Forgiveness isn't really about the transgressor so much as it is about YOU. It's a gift you give to yourself. ;)

 

Anger and Resentment will sap your positive energy in order to continue their own survival. They are your enemies, because afterall... acrimony makes YOU feel worse than it does the other guy. Ususally, the transgressor could give a crap less. More often than not, they're completely unaware that we hate them.

 

What helped me...was to imagine the transgression as a debt. Somebody hurts you, they OWE you for your pain and suffering, right? But what coin is good enough to pay you back for what you've been put through? :confused:

 

There just isn't any. There's NOTHING my spouse can do that makes the pain he caused okay. He doesn't have the ability to pay me back. There's no coin good enough. So, I can walk around with my hand outstretched, awaiting payment that will NEVER come. Or...I can write the debt off, like money loaned to a family member and never repaid.

 

Anyway, life just isn't fair sometimes.

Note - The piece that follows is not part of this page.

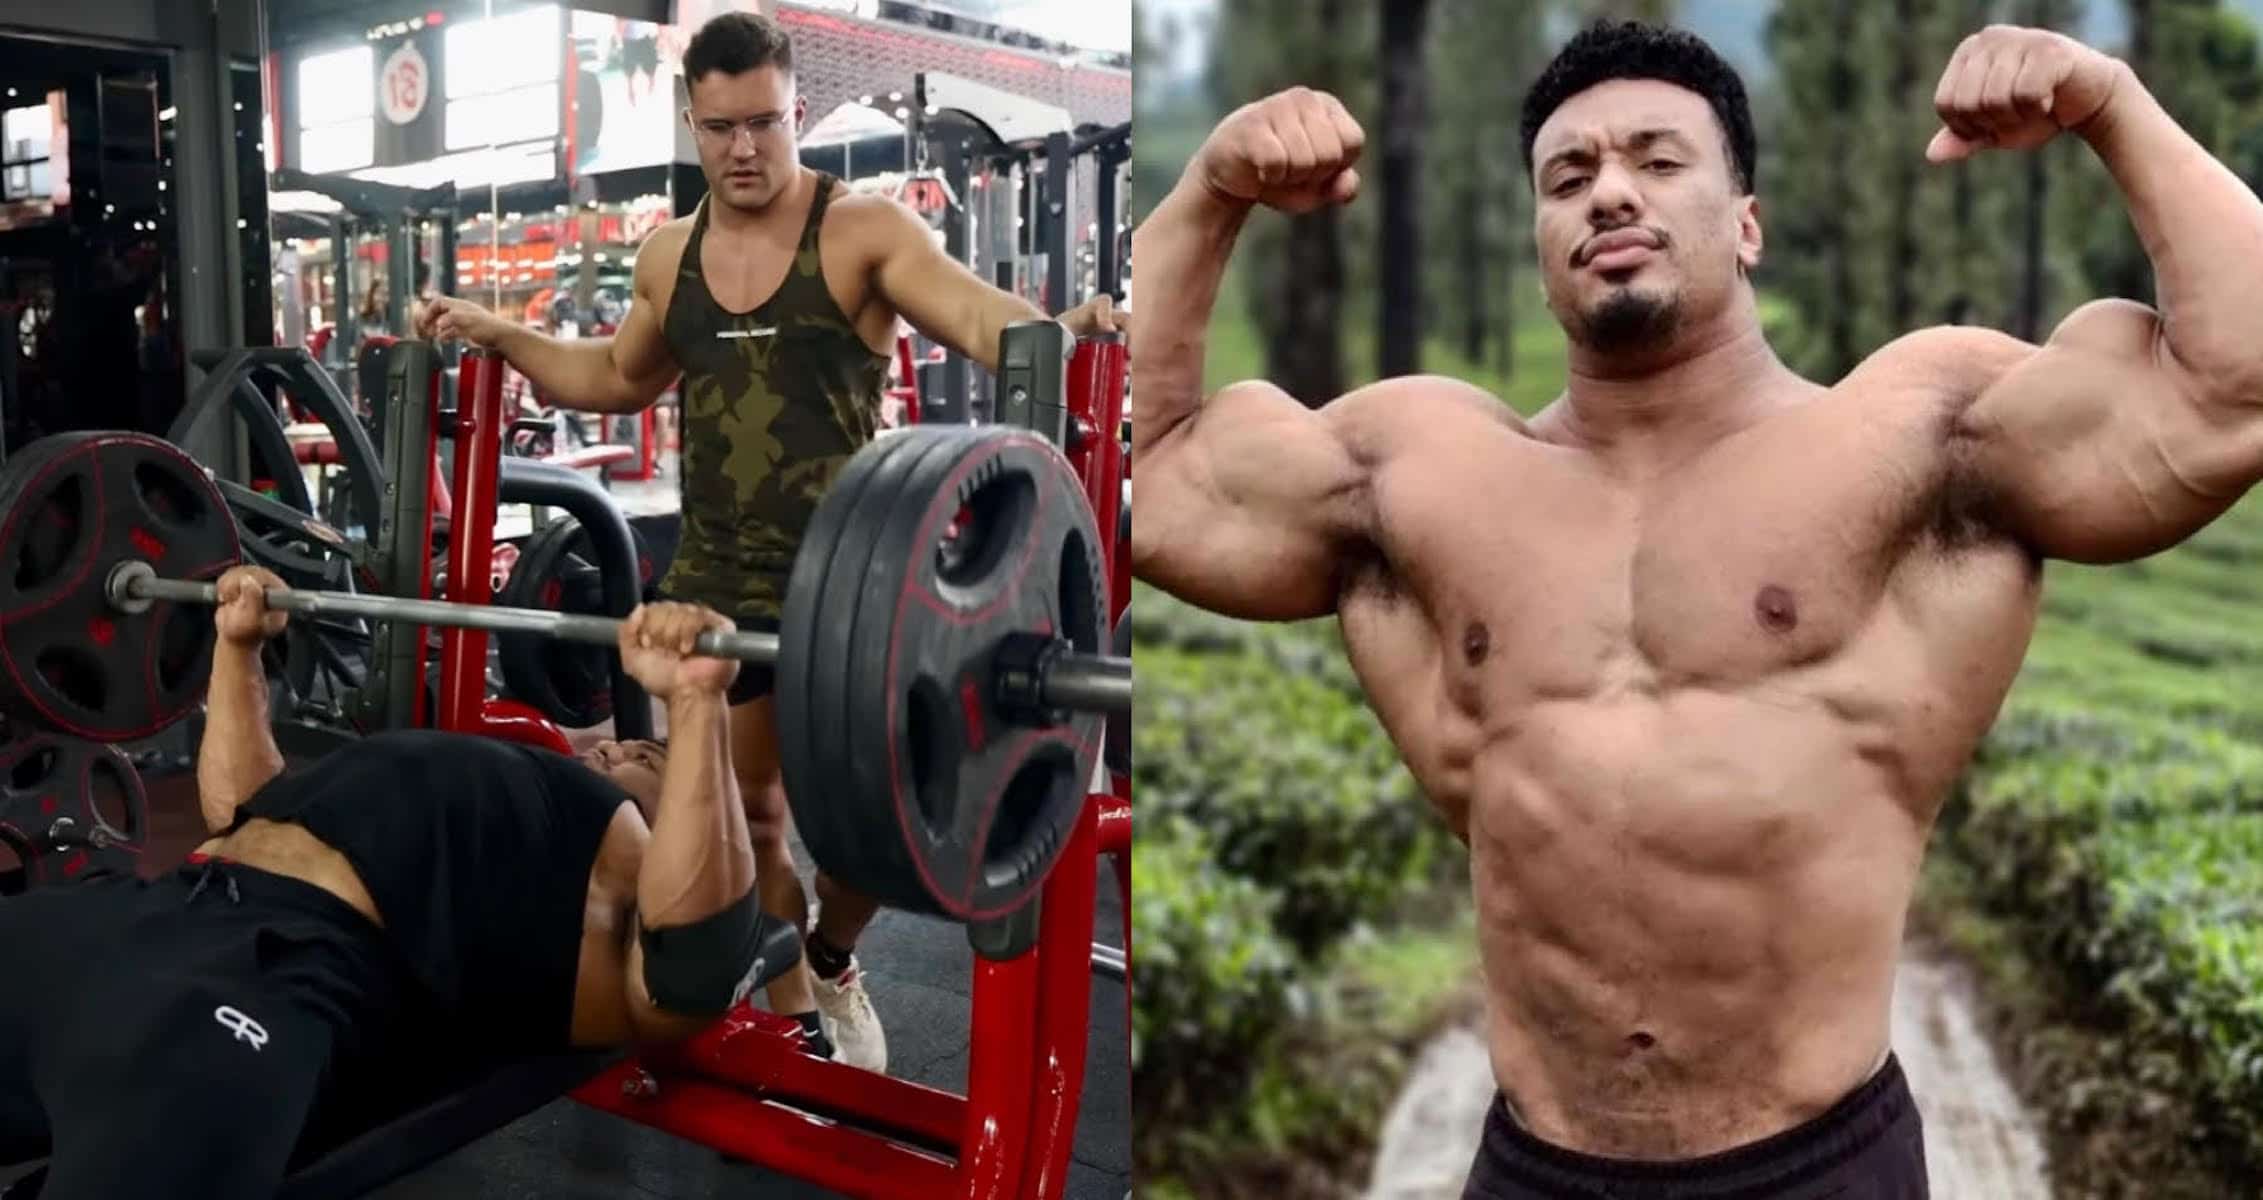 WATCH: Larry Wheels Sets PR With 44 Reps Of 308 Pounds On Bench Press

Some days you're the windshield and some days you're the bug, right? It's a difficult thing to accept, but it's the reality that we live with. Evading it only serves to increase the pain of the injustice.

 

I think you're going to do just fine, btw. ;) You've made lemonade out of lemons at every turn. You've never "evaded" the hard work, and if you have...you haven't posted it here. This is just another thing on the "to do" list. I think it'll help you to concentrate more on your boys just now and less on your wife. And if you'll monitor yourself pretty closely for depression, I think you'll do alright. After some time has passed, you might even find yourself a little happier than you were in the marriage. That's not uncommon.